Start of Block

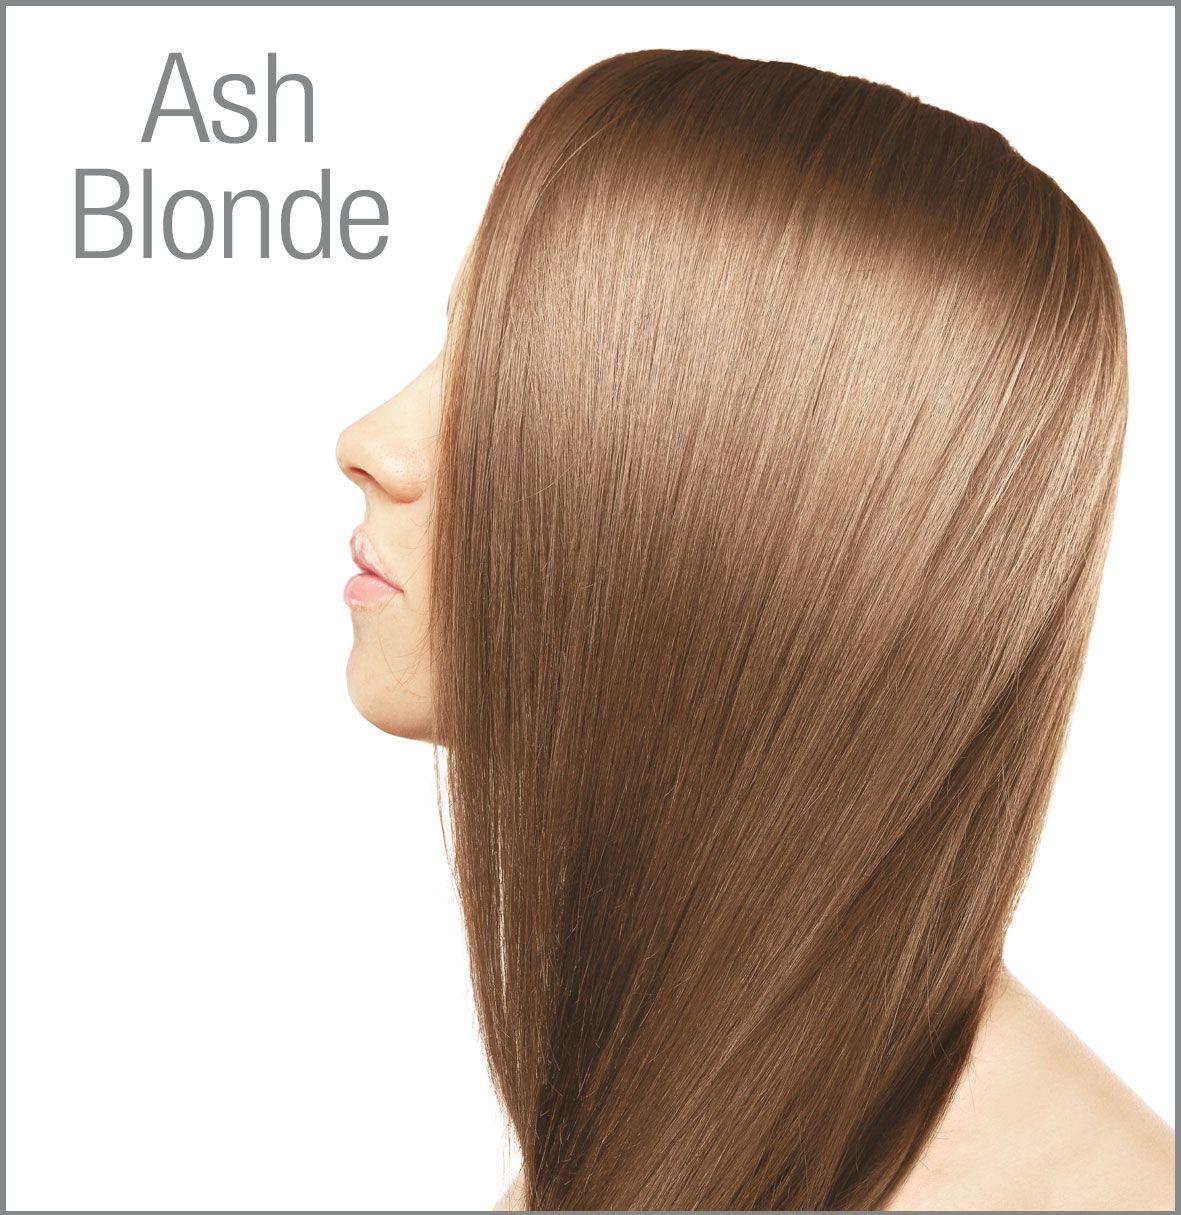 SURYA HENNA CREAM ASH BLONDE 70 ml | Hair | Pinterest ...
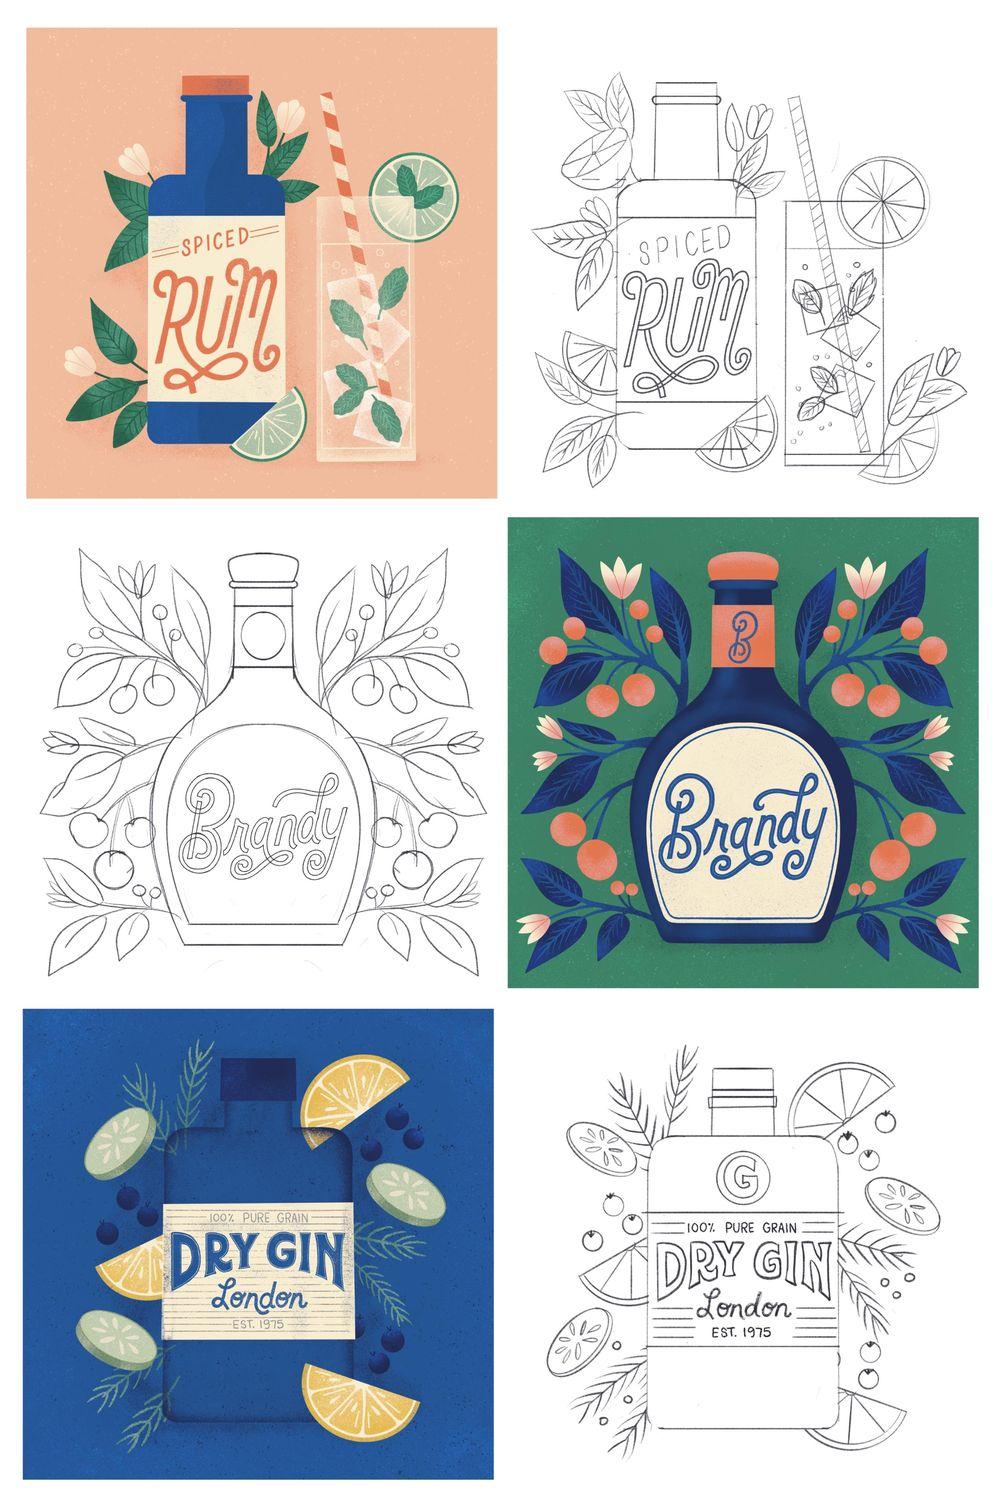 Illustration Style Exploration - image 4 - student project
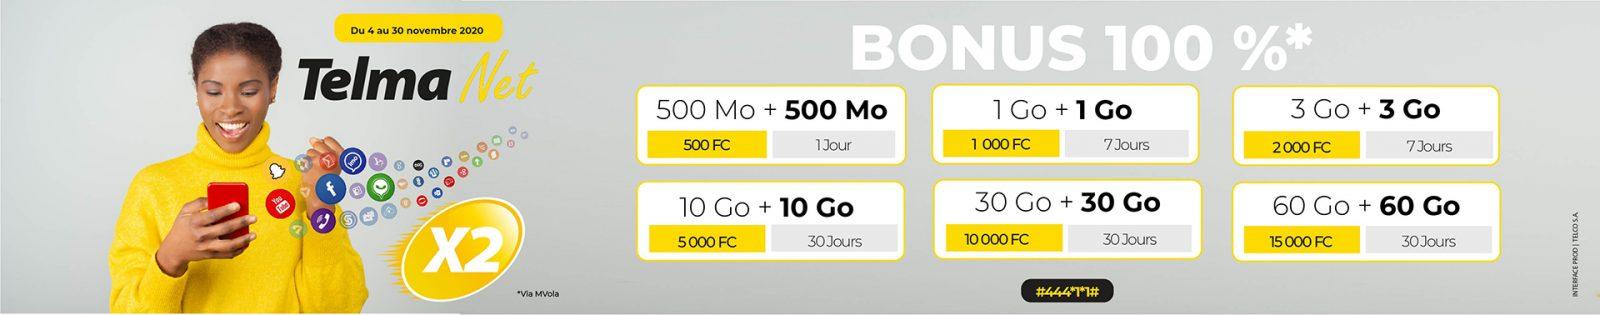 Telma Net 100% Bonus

End of Block

__What needs to be done__
From the first line to the last, repeat the material exactly, but drop the pictures.

__Written response__
 SURYA HENNA CREAM ASH BLONDE 70 ml | Hair | Pinterest ...
 Illustration Style Exploration - image 4 - student project
 Telma Net 100% Bonus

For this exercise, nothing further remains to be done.